[PATCH v5 09/10] KVM: Disable manual dirty log when dirty ring enabled

Peter Xu posted 10 patches 4 years, 9 months ago
Maintainers: Paolo Bonzini <pbonzini@redhat.com>, Eduardo Habkost <ehabkost@redhat.com>, Marcel Apfelbaum <marcel.apfelbaum@gmail.com>
There is a newer version of this series
[PATCH v5 09/10] KVM: Disable manual dirty log when dirty ring enabled
Posted by Peter Xu 4 years, 9 months ago
KVM_CAP_MANUAL_DIRTY_LOG_PROTECT2 is for KVM_CLEAR_DIRTY_LOG, which is only
useful for KVM_GET_DIRTY_LOG.  Skip enabling it for kvm dirty ring.

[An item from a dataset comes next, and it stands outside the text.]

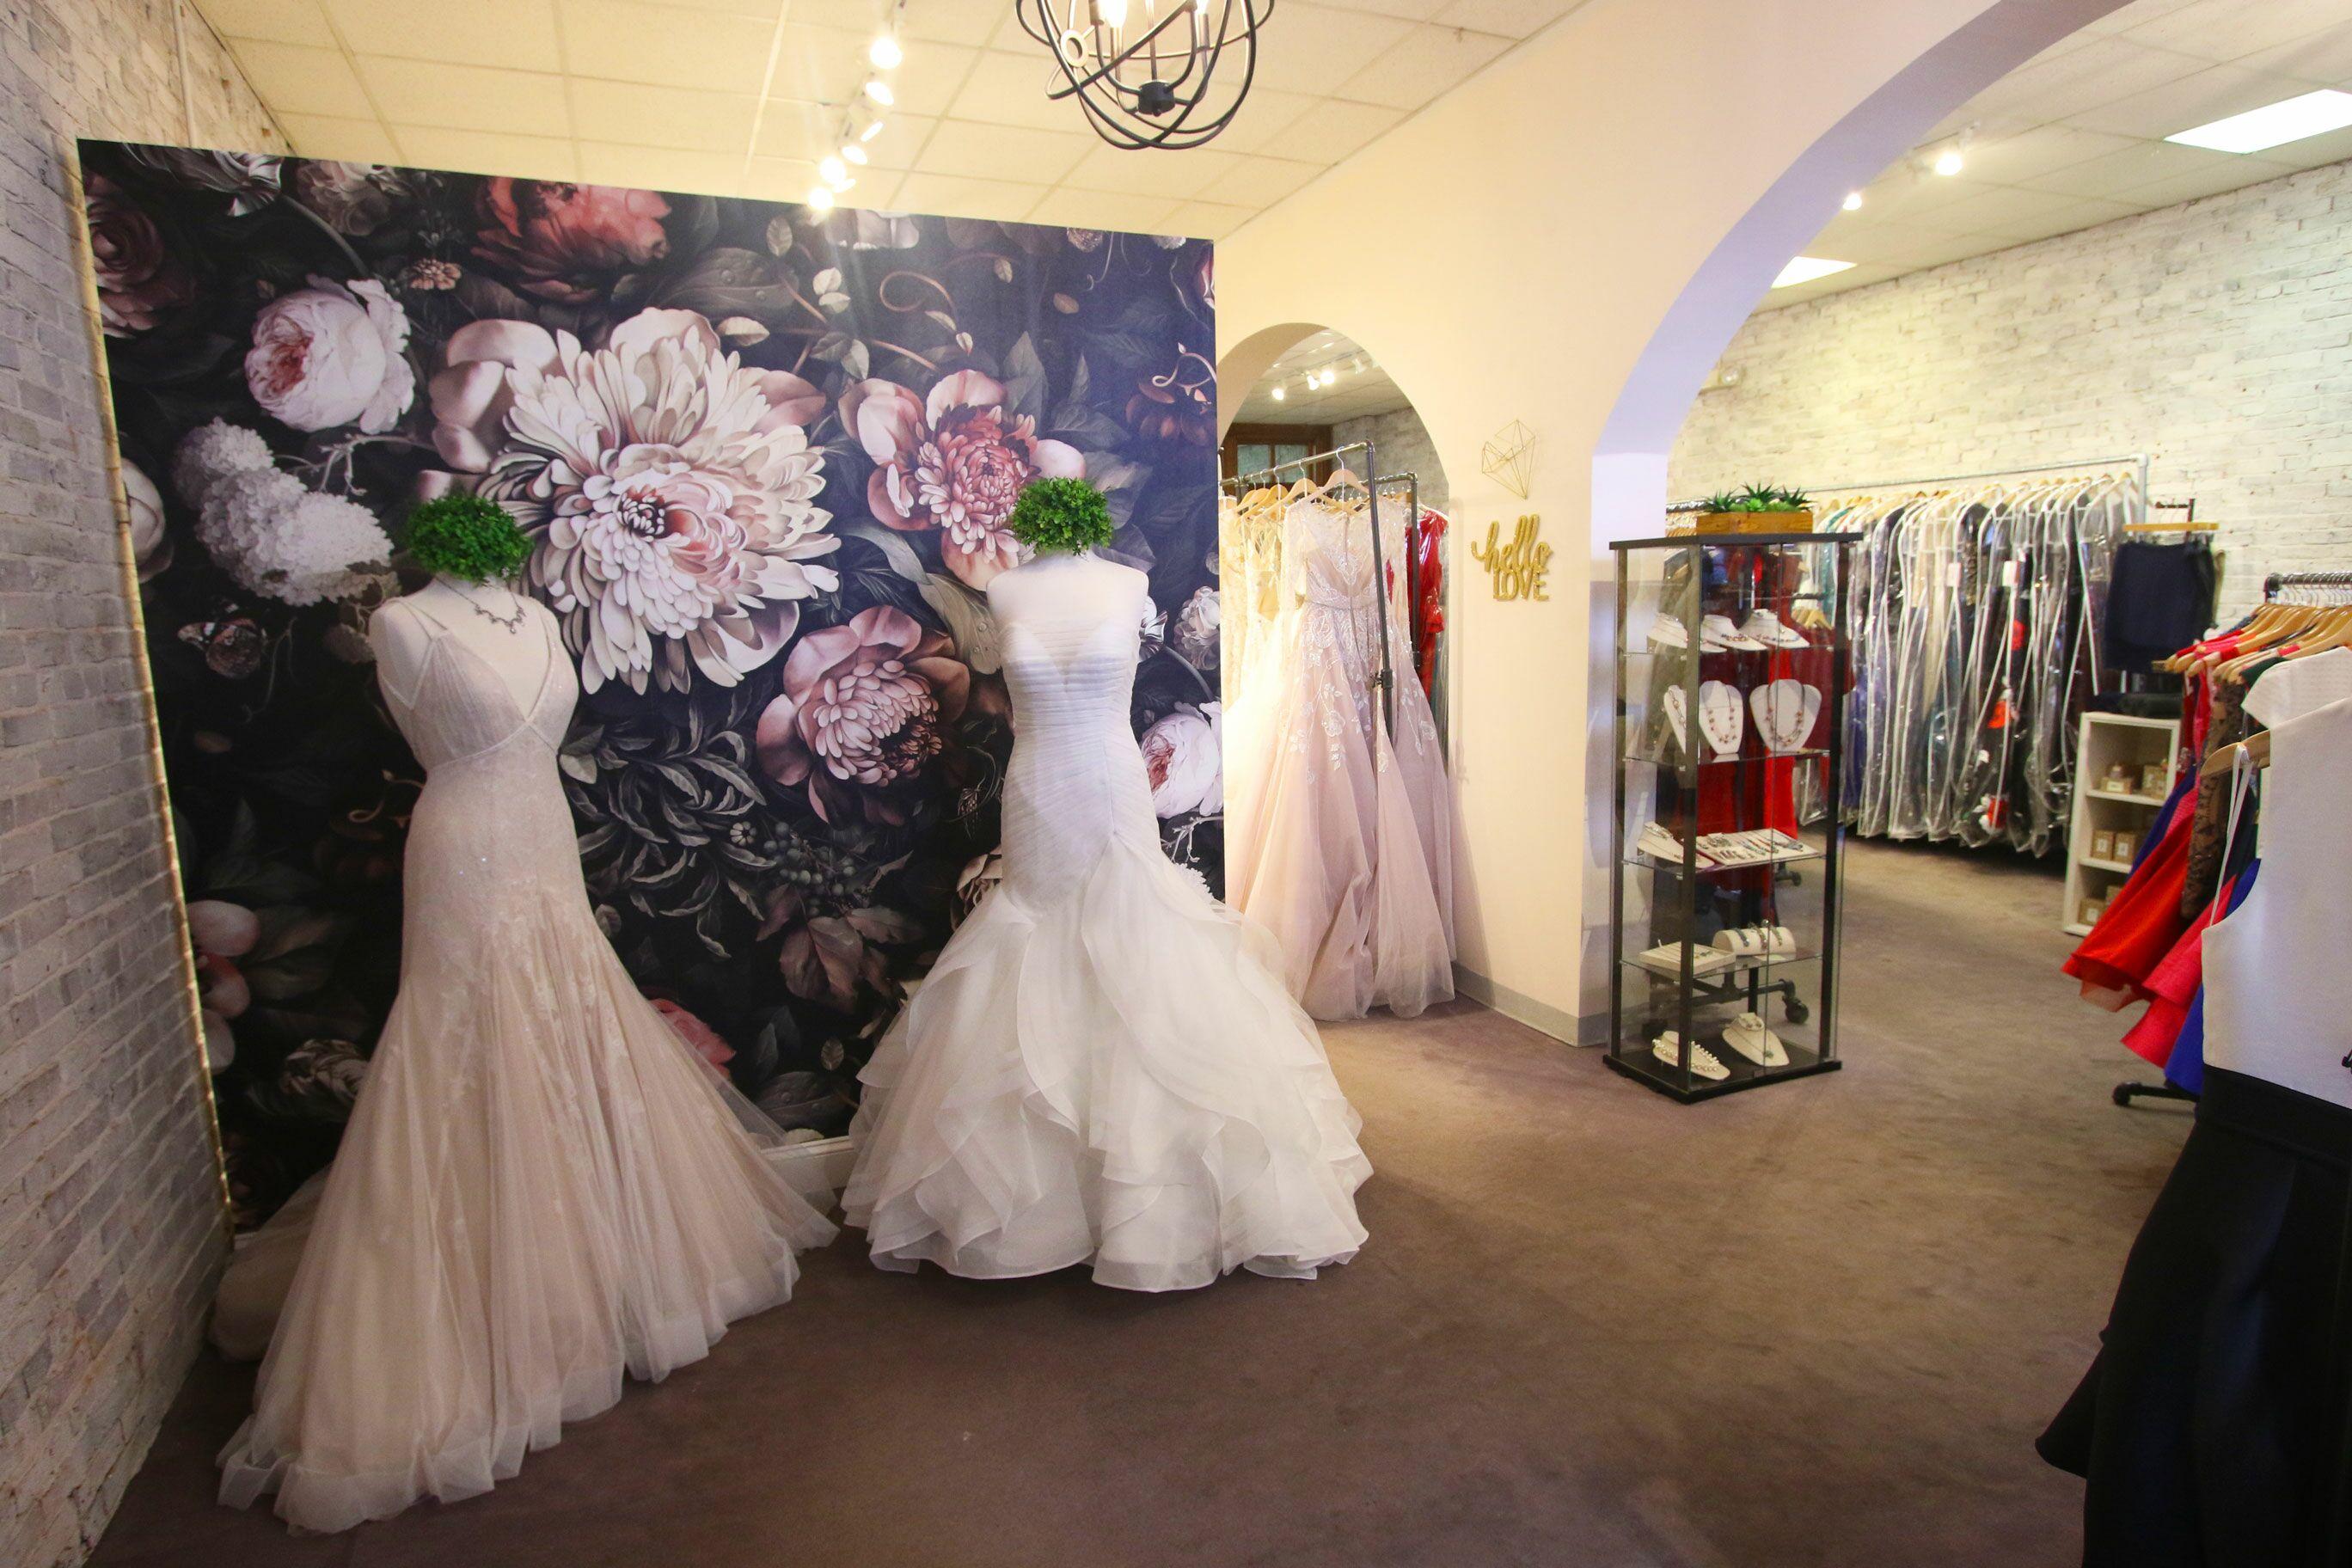 7ac45cf2f23c Blush Bridal & Formal | Portland | Bridal Salons - South Portland, ME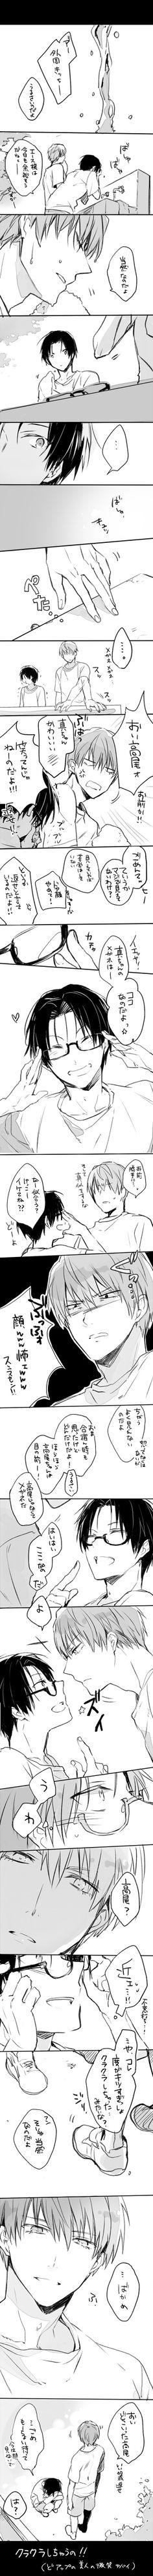 Tags: Anime, Black Akazome, Kuroko no Basket, Takao Kazunari, Midorima Shintarou

More importantly, KVM_DIRTY_LOG_INITIALLY_SET will not wr-protect all the pages
initially, which is against how kvm dirty ring is used - there's no way for kvm
dirty ring to re-protect a page before it's notified as being written first
with a GFN entry in the ring!  So when KVM_DIRTY_LOG_INITIALLY_SET is enabled
with dirty ring, we'll see silent data loss after migration.

Signed-off-by: Peter Xu <peterx@redhat.com>
---
 accel/kvm/kvm-all.c | 37 +++++++++++++++++++++++--------------
 1 file changed, 23 insertions(+), 14 deletions(-)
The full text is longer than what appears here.